Data for this exercise.
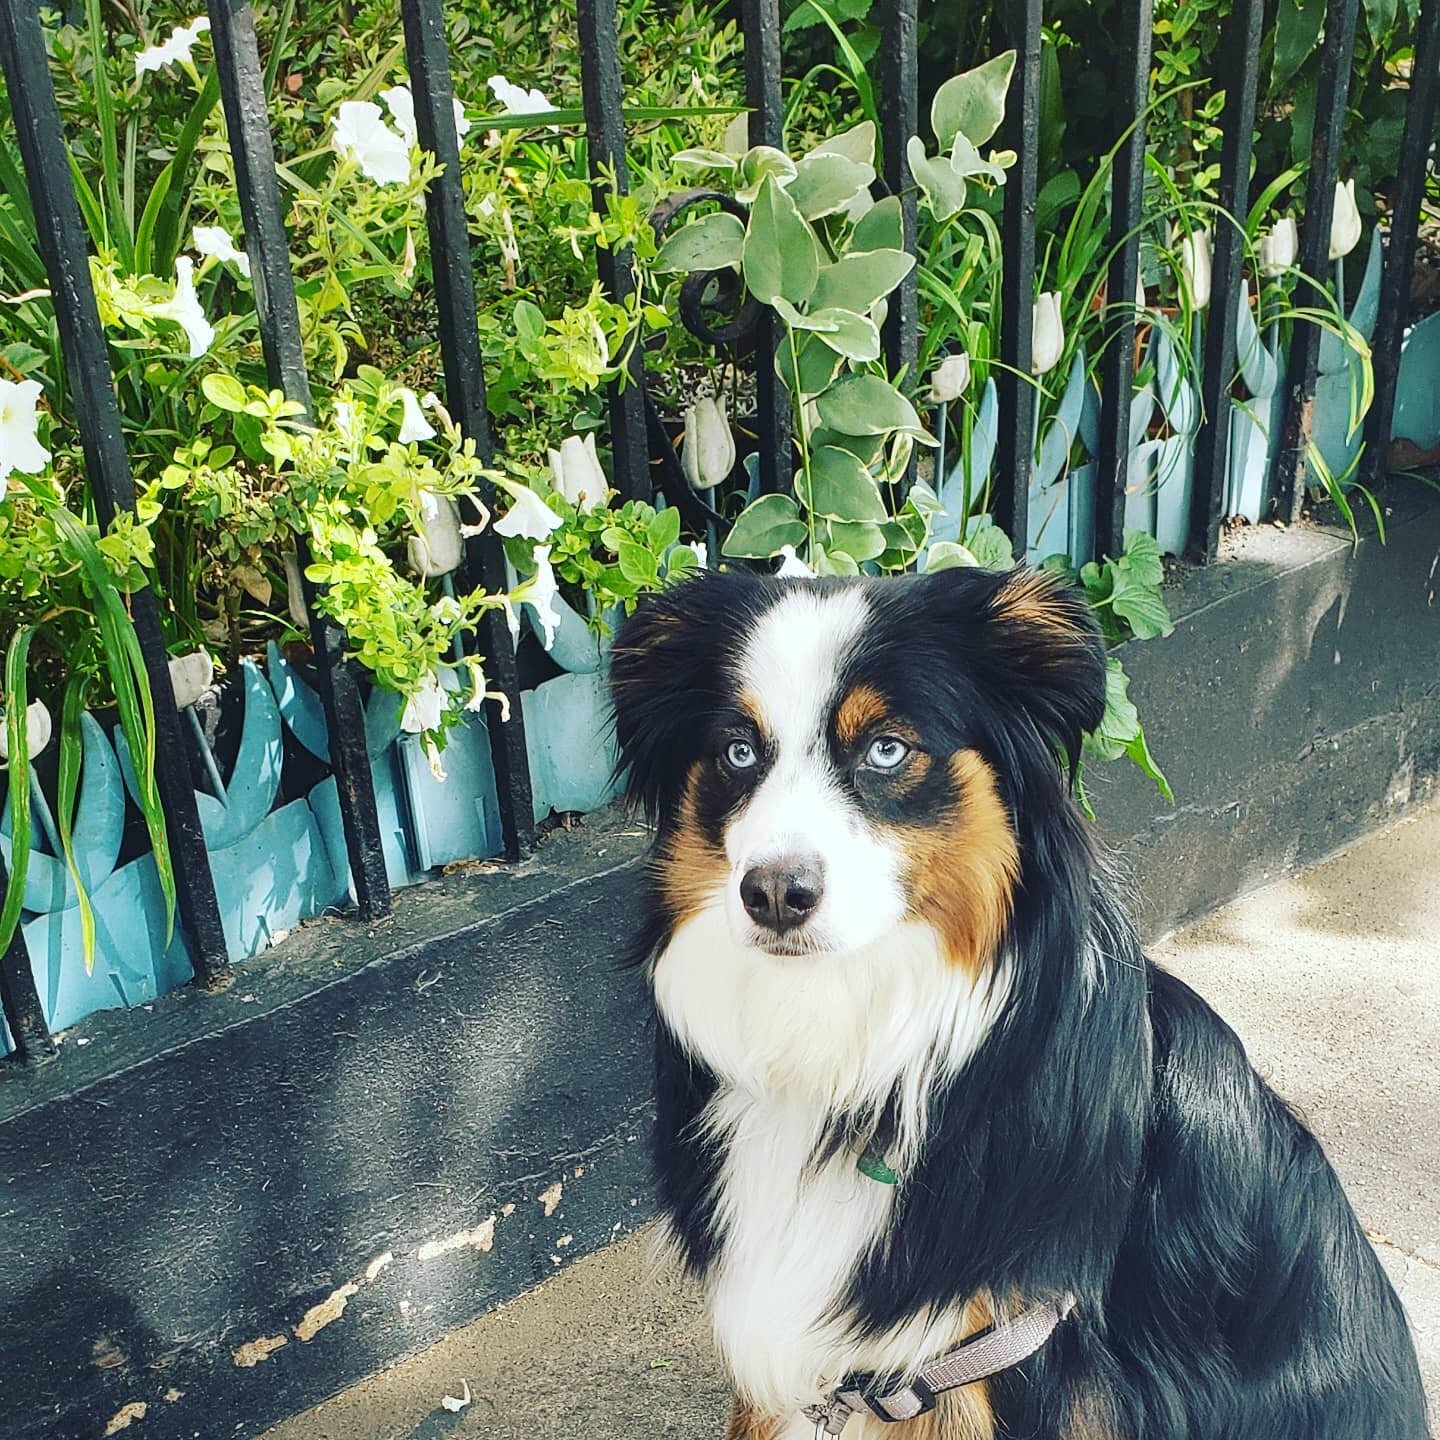 Benji pauses to consider his options for the weekend! 🐶🌿🌷❤
#responsiblewalkers #professionalpetcare
#downtownjc #lovethisdog @dogsofhamiltonparkjc #dogsofjerseycity #downtownjerseycity #jerseycity #jerseycitypets #jerseycitydogs #jcdogs #jc #jcdog
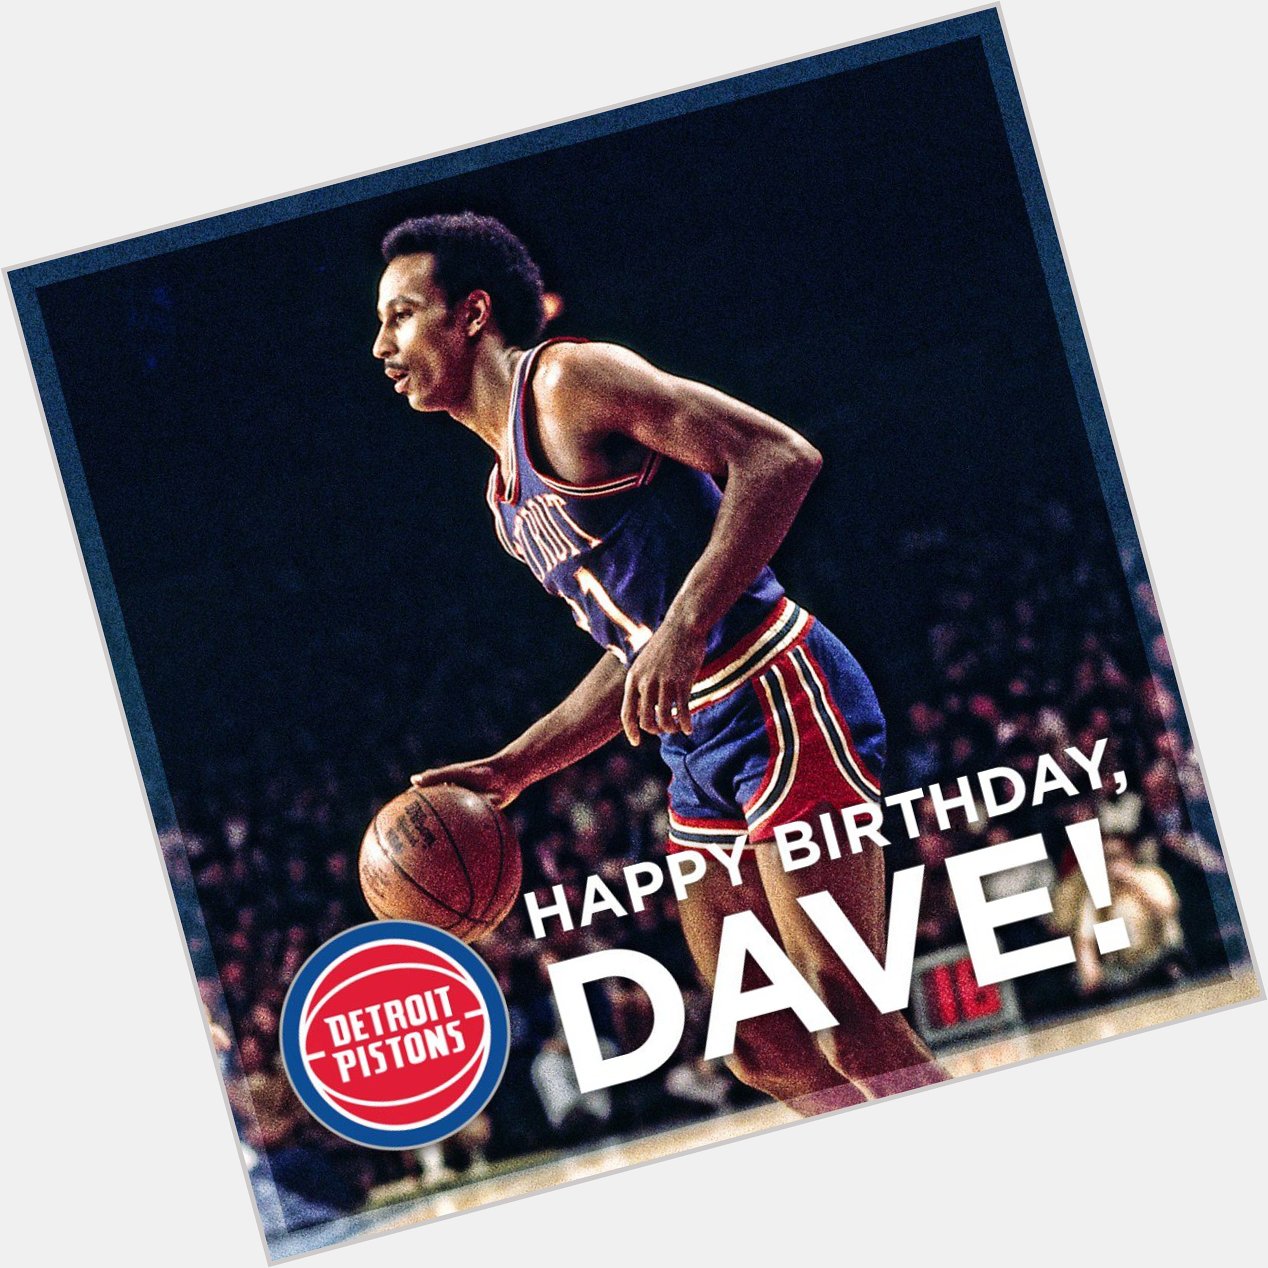 Join us in wishing Dave Bing a very Happy Birthday!  
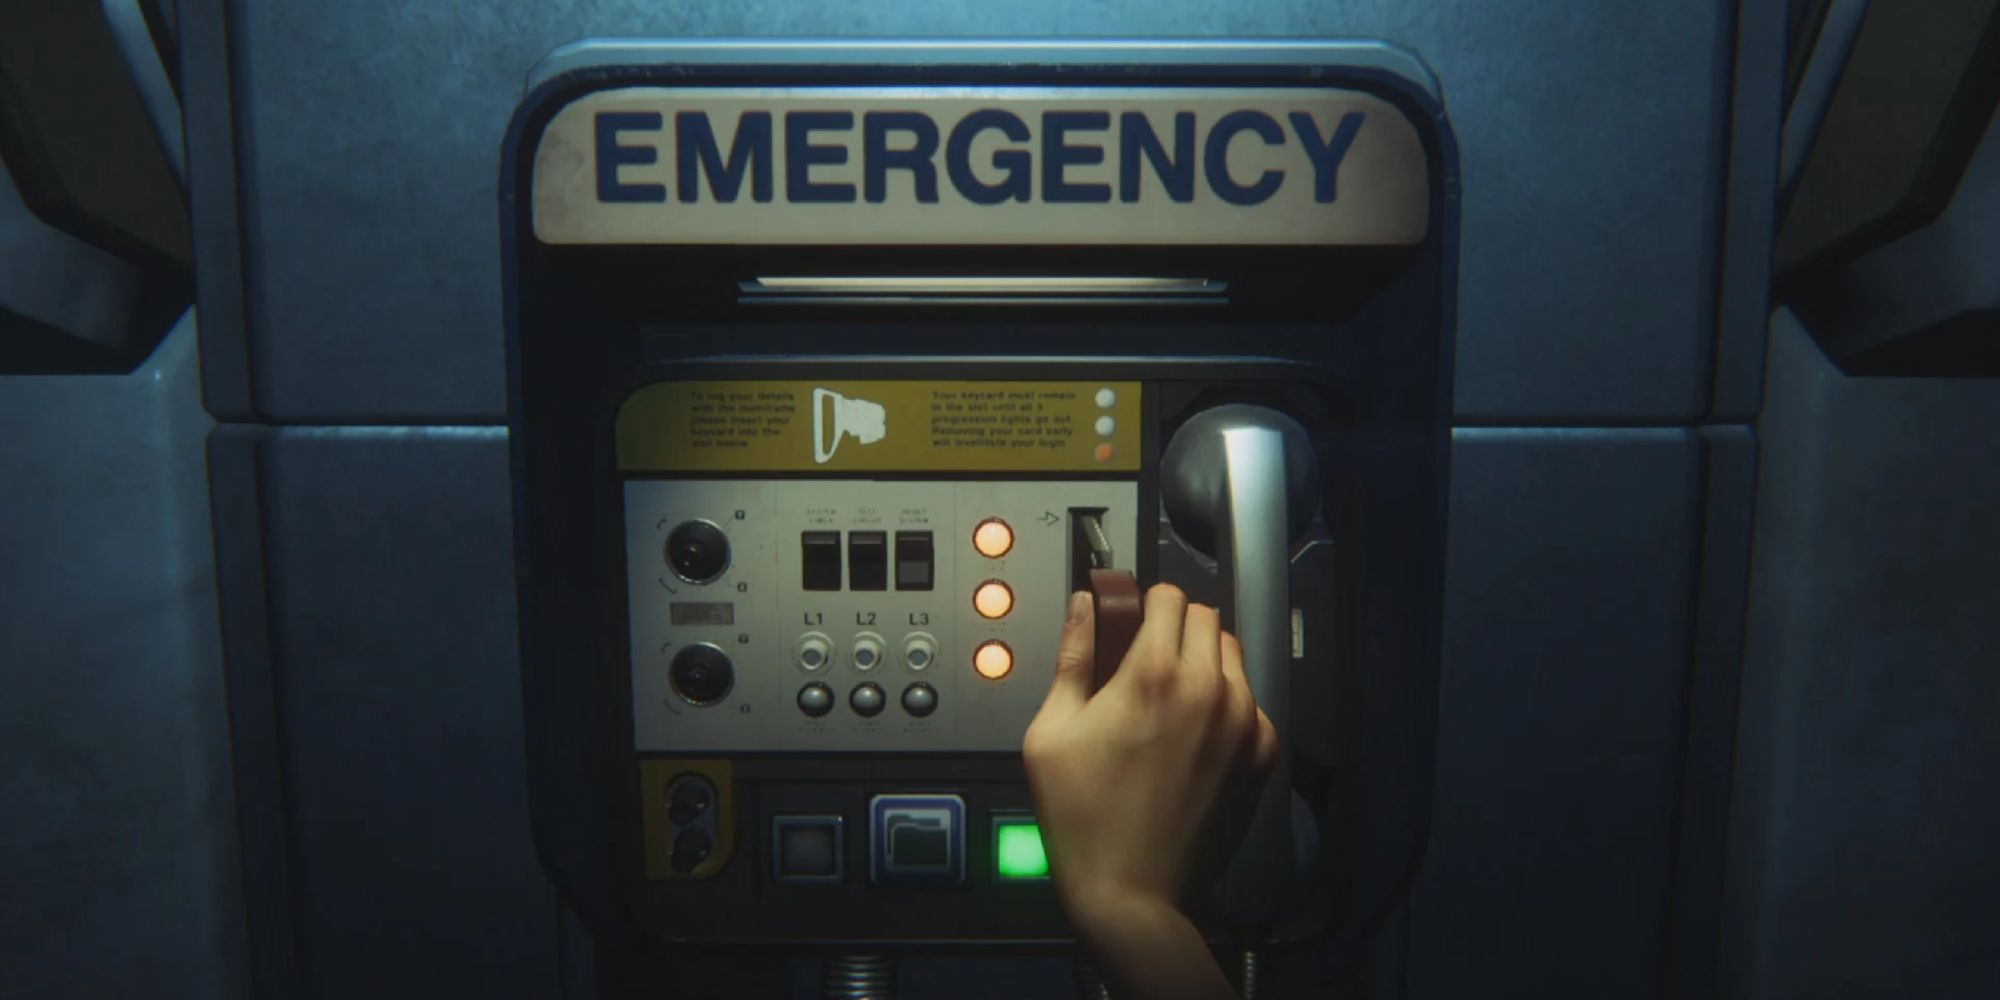 Alien Isolation Emergency Phone would leave players vulnerable to attack

What the exercise asks.
Retype, word for word, the line containing "#downtownjc #lovethisdog @dogsofhamiltonparkjc" and each line after it through the end of the data, leaving any picture out.

Answer section.
#downtownjc #lovethisdog @dogsofhamiltonparkjc #dogsofjerseycity #downtownjerseycity #jerseycity #jerseycitypets #jerseycitydogs #jcdogs #jc #jcdog
 Join us in wishing Dave Bing a very Happy Birthday!  
 Alien Isolation Emergency Phone would leave players vulnerable to attack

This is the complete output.